Segment Start: INPUT RECORDS

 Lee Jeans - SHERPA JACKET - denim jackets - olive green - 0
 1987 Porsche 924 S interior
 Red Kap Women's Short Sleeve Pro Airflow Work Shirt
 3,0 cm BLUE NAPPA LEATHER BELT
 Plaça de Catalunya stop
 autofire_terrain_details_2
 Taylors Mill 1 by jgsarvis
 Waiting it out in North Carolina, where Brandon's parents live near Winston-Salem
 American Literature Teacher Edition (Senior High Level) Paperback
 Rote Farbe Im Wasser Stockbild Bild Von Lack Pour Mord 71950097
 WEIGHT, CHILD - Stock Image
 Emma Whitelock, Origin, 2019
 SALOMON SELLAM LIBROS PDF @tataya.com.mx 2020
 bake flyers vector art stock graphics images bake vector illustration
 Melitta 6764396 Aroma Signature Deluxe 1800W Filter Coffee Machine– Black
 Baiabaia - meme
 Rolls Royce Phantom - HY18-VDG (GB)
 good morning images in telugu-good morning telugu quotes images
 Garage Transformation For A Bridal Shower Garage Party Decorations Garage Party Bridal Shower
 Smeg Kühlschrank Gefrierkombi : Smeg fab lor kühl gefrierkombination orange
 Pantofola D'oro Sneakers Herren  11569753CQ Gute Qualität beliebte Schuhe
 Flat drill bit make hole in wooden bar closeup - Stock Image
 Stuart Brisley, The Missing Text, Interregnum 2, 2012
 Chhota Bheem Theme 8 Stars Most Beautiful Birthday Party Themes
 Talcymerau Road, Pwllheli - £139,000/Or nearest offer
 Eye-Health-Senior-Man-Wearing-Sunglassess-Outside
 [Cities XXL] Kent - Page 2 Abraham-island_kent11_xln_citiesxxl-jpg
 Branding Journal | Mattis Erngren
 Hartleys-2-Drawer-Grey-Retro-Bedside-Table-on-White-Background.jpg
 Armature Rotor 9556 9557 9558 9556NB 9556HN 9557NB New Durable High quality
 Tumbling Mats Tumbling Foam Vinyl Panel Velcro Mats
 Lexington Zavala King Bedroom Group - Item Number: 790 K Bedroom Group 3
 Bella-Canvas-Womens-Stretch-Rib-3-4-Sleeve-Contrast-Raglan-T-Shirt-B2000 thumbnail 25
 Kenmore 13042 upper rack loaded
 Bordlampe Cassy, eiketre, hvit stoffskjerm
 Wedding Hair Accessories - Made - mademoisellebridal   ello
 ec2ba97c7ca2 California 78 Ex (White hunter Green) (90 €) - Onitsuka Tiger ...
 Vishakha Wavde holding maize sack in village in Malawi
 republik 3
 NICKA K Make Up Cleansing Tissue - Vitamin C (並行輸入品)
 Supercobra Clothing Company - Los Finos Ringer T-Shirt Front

Segment End: INPUT RECORDS

Write out exactly, please, the lines beginning at the start of the material and ending with the line that holds "Taylors Mill 1 by jgsarvis", both included.

OUTPUT OF THE EXERCISE =
 Lee Jeans - SHERPA JACKET - denim jackets - olive green - 0
 1987 Porsche 924 S interior
 Red Kap Women's Short Sleeve Pro Airflow Work Shirt
 3,0 cm BLUE NAPPA LEATHER BELT
 Plaça de Catalunya stop
 autofire_terrain_details_2
 Taylors Mill 1 by jgsarvis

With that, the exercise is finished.